2-Fuzzy Rule-Based Classification System.
3-NFIS: Neuro-Fuzzy Inference System using Polynomial Approximation.
4-Low-Complexity Machine Learning Detection Technique.
5-ARFIS: Adaptive-Receiver-Based Fuzzy Inference System. These techniques achieve very low incomes bit error rates compared to traditional approaches.
Second, we propose and investigate a long-range nanoscale MC network system based on intelligent multi-agent decision support mechanisms that aggregate the sensed data and simplifies the complexity of the relay techniques, where the intermediate intelligent agents do not decode the received/related information. Our proposed techniques provide a novel cooperative decision system that utilizes intelligent agents in combination with pulse energy ratio and sense-and-release technique. We evaluate the performance of our proposed techniques various system parameters, such as diffusion coefficients and transmission distance.

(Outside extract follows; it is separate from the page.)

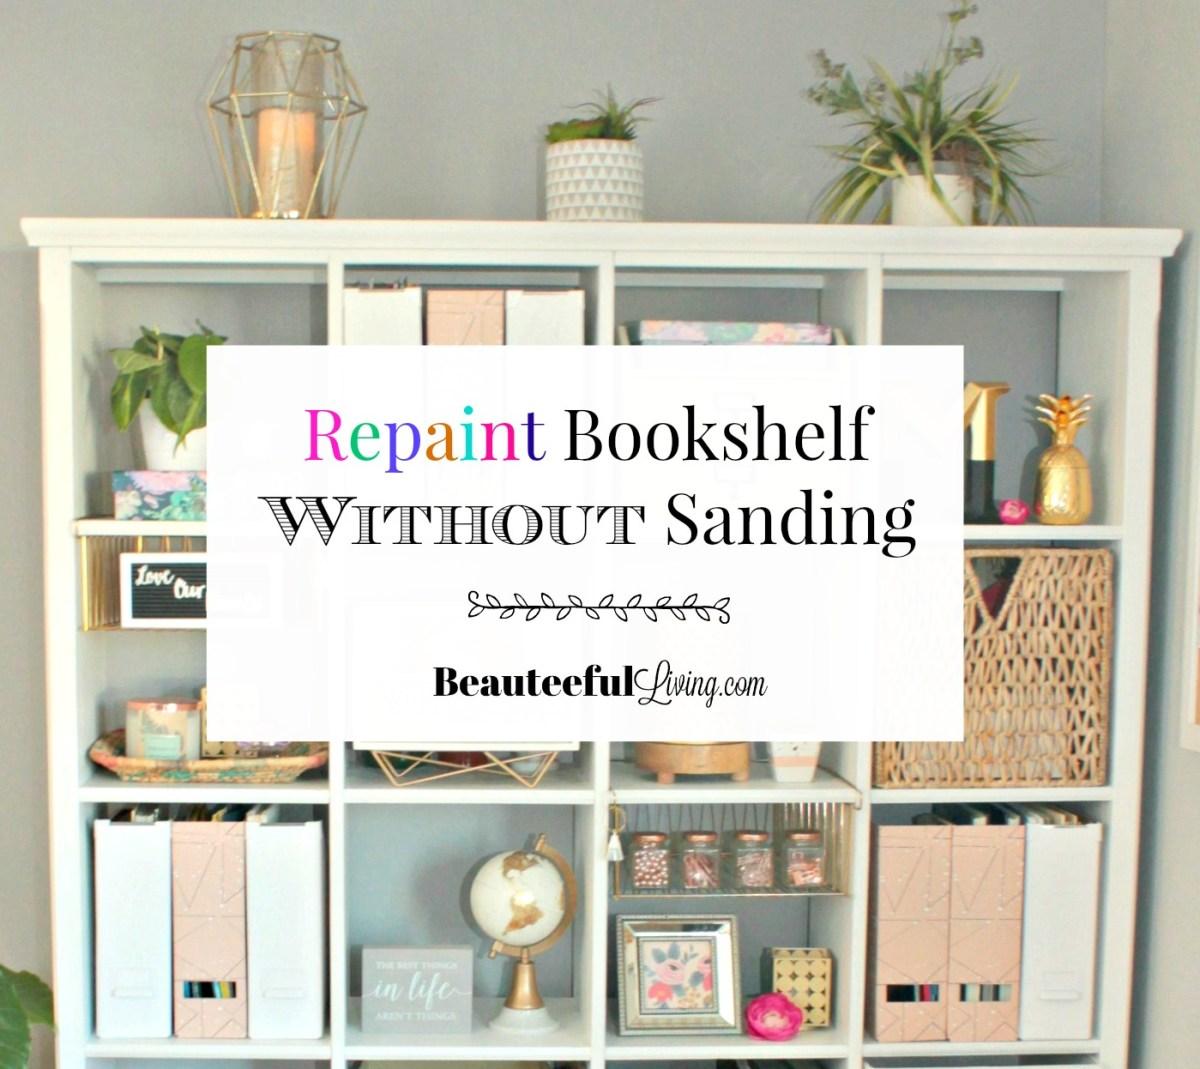 Repaint Bookshelf Without Sanding

Bio.: Ghalib Alshammri received the B.Ed. degree in computer science (distinction with honor) from King Saud University, Riyadh, Kingdom of Saudi Arabia, in 2003 and the master’s degree in computer science (Major: Intelligent Systems) from University of Wollongong, Australia, in 2009. Also, he received the Ph.D. degree in electrical and computer engineering from Stevens Institute of Technology, Hoboken, NJ, USA, on May 2019. During 2003 – Now he is a lecturer at the department of Computer Science, Community College, King Saud University. During Spring 2017 – Now he is a Research and Teaching Assistant at the Electrical and Computer Engineering – Stevens Institute of Technology. Dr. Ghalib has received numerous major scholarships and grants including Saudi Arabian Cultural Mission (SACM), National Science Foundation (NFS) and Graduate Student – Stevens Institute of Technology. Dr. Ghalib’s research interests and technical experience include information theoretic considerations, such as coding, signal processing, signal detection and estimation, wireless multiple-access techniques, transceiver design. molecular communication nanonetworks, Internet of Bio-Nano Things (IoBNT), Artificial Neural Network (ANN), Fuzzy concept, machine learning, robotics, and agent techniques. Dr. Alshammri holds U.S. provisional patent to-date and has authored more than 10 original research papers. He is a reviewer in numerous major conferences and journals; e.g., IEEE International Conference on Communications (ICC). During 2013 – 2014 he works as consultant in general department of certificates equalization, Ministry of Education (MoE), Kingdom of Saudi Arabia. Finally, Dr. Alshammri is teaching the numerous of CS and ECE courses and supervising graduation projects for undergraduate students at King Saud University and Stevens Institute of Technology.